Preguntado por cómo es el cliente serbio, Colom razona que tiene "una mentalidad bastante similar a la española en cuanto a salir de noche y a beber. Son amigables y abiertos, y les gusta sentarse a beber relajadamente. Salir solo a un bar es sinónimo de hacer amigos rápidamente. Si das un buen servicio tal como intentamos hacer nosotros y das un trato personal, la gente se fideliza y se siente como en casa''. El bartender destaca que es justamente en esta parte hospitalaria donde inciden fuertemente sus esfuerzos, y uno de los motivos principales que la clientela destaca de su bar.

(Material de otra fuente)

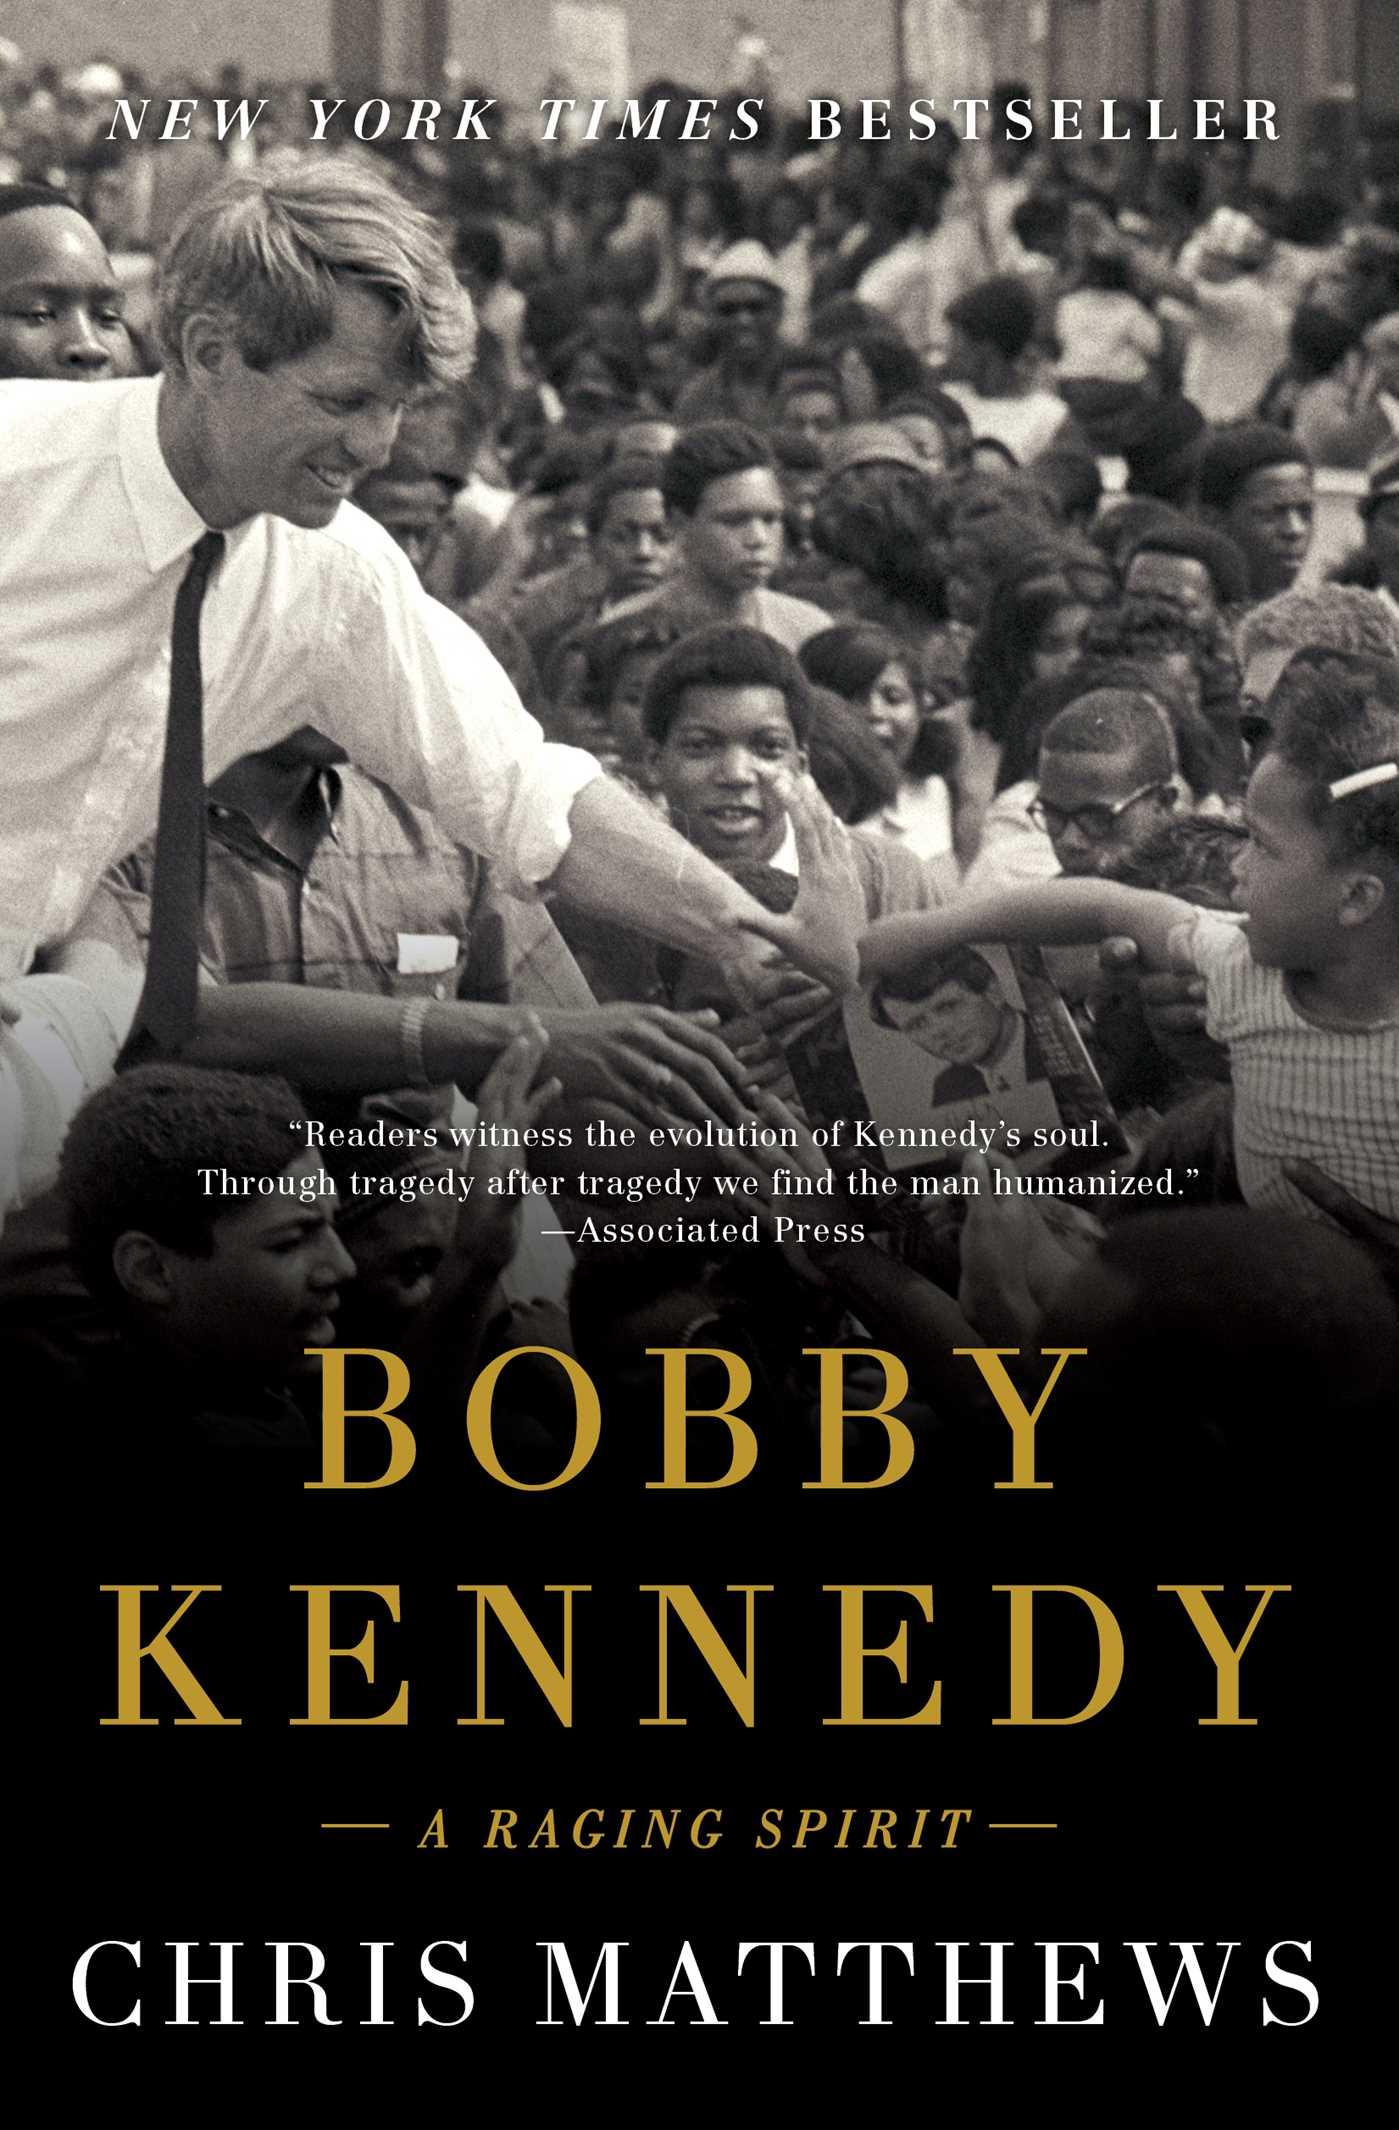 Bobby kennedy 9781501111877 hr

Sobre la escena coctelera de la ciudad, subraya el hecho de que "Belgrado, por ser la ciudad que es, tiene la rareza de tener un buen número de muy buenos bares. Al fin y al cabo, el alcohol es una parte fundamental de la vida serbia y ahora la coctelería vive un momento genial porque se ha redescubierto y cada vez hay más cultura''. Aparte, dice que la influencia rusa tras la barra ha hecho que el nivel técnico suba mucho. 

Ananasa Tri, que aquel día es una fiesta a ambos lados de la barra, es una guarida acogedora de temática tropical que disfruta de la simpatía de los profesionales del sector y también de los avezados a la copa de inspiración tropical. Buenas fórmulas y trato cálido; una isla mediterránea que cualquier turista de nuestra casa agradecerá en tierras serbias.